Неужели, думал подросток, Нюра ей все рассказала? Он вспомнил о письме, теперь уже таком далеком, и ему стало стыдно. Тайна его сердца была выставлена напоказ. Они читали вместе и смеялись. Сколько там было нелепых, выспренних выражений. Он не знал, что женщины иногда берегут такие письма. Вернувшись в комнату, продрогший до костей, он думал о том, что с наслаждением порвал бы это письмо в мелкие клочки, если бы оно сохранилось; в конце концов, он мог бы потребовать его назад, мог набраться смелости напомнить о нем. А ему бы ответили: какое письмо? Да я его давно выбросила. Через много лет он представил себе, что каким-то невероятным образом увиделся снова с Нюрой - и спросил: получила ли она тогда его послание? Чем больше он об этом думал, тем ясней становилось - нет, она не получила. Чем настойчивей он вспоминал, тем очевиднее было, что да, получила. Когда Нюра постучалась в его дверь, придумав какой-то предлог, разве это не было доказательством, что письмо получено? Но теперь, через много лет, чего доброго, оказалось бы, что она ничего не помнит! Была война, больница, это она помнила; какие-то люди приехали в эвакуацию.

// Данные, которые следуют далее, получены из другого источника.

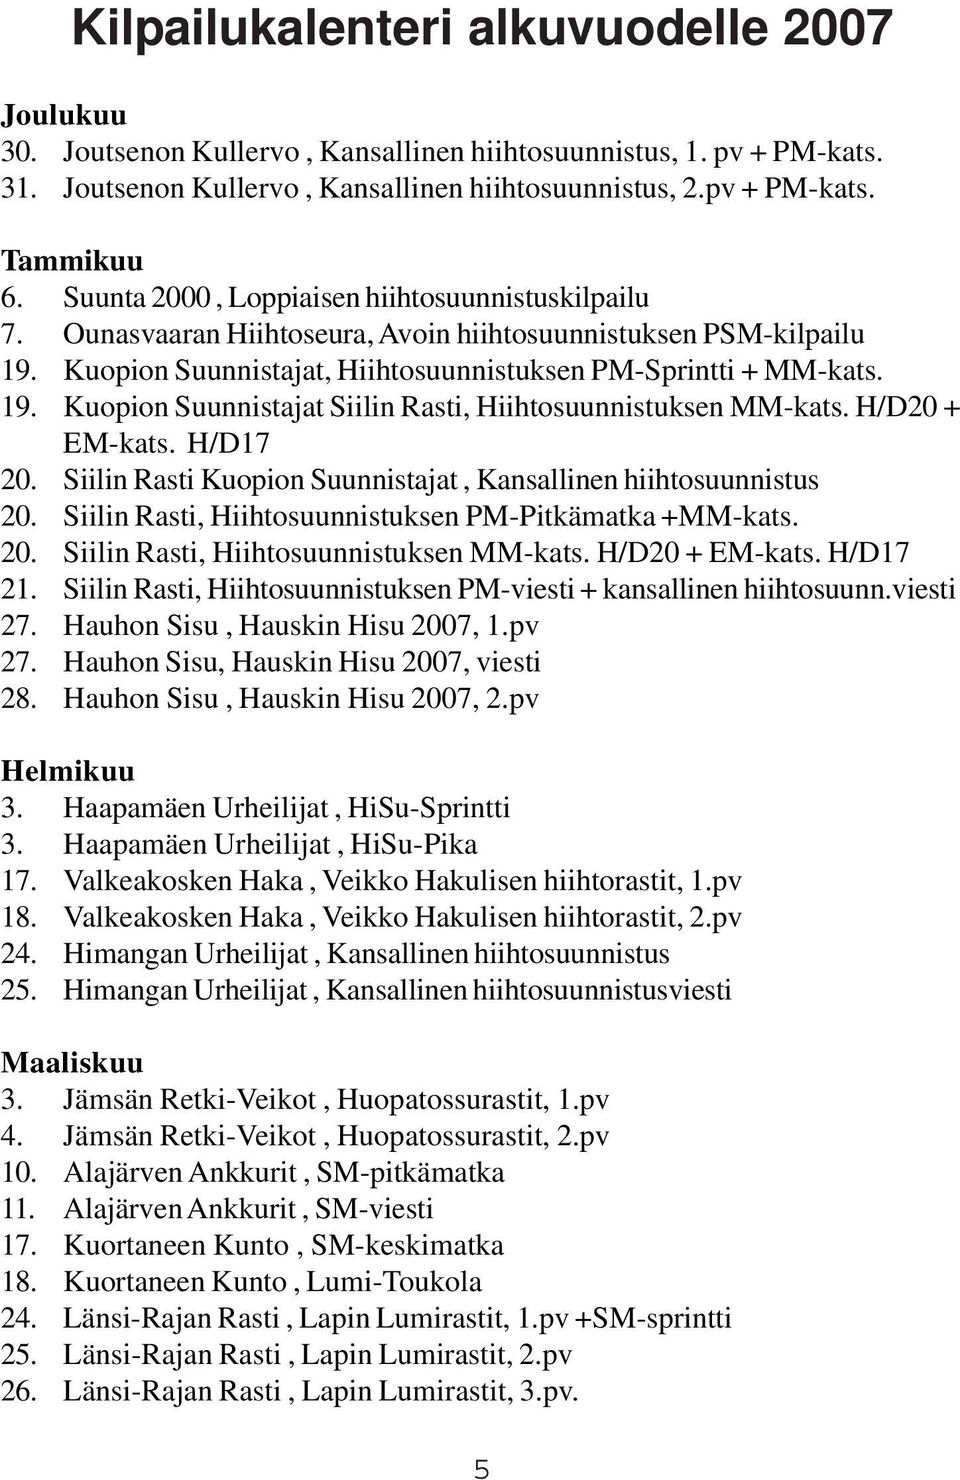 H/D20 + EM-kats. H/D17 20. Siilin Rasti Kuopion Suunnistajat, Kansallinen hiihtosuunnistus 20. Siilin Rasti, Hiihtosuunnistuksen PM-Pitkämatka +MM-kats. 20. Siilin Rasti, Hiihtosuunnistuksen MM-kats.

Что стало с Нюрой? Он попытается представить себе. Придумать - что, в общем, не представляло труда с его даром фотографического воображения - эту Анну Федосьевну или как там она звалась по имени-отчеству, и представить, как она существовала все это время. Наверняка это была ничем не примечательная, тягостно-бесцветная, тусклая жизнь в глухой российской провинции. Этот климат все обесцвечивает. Память старой, изглоданной жизнью женщины в сравнении с памятью того, кто когда-то сидел за столом с коптилкой и заклеивал самодельный конверт протертой сквозь марлю вареной картошкой, была бы все равно что мутно-желтая фотография, на которой с трудом удается различить чье-то лицо, рядом с только что проявленным, четким и влажным снимком.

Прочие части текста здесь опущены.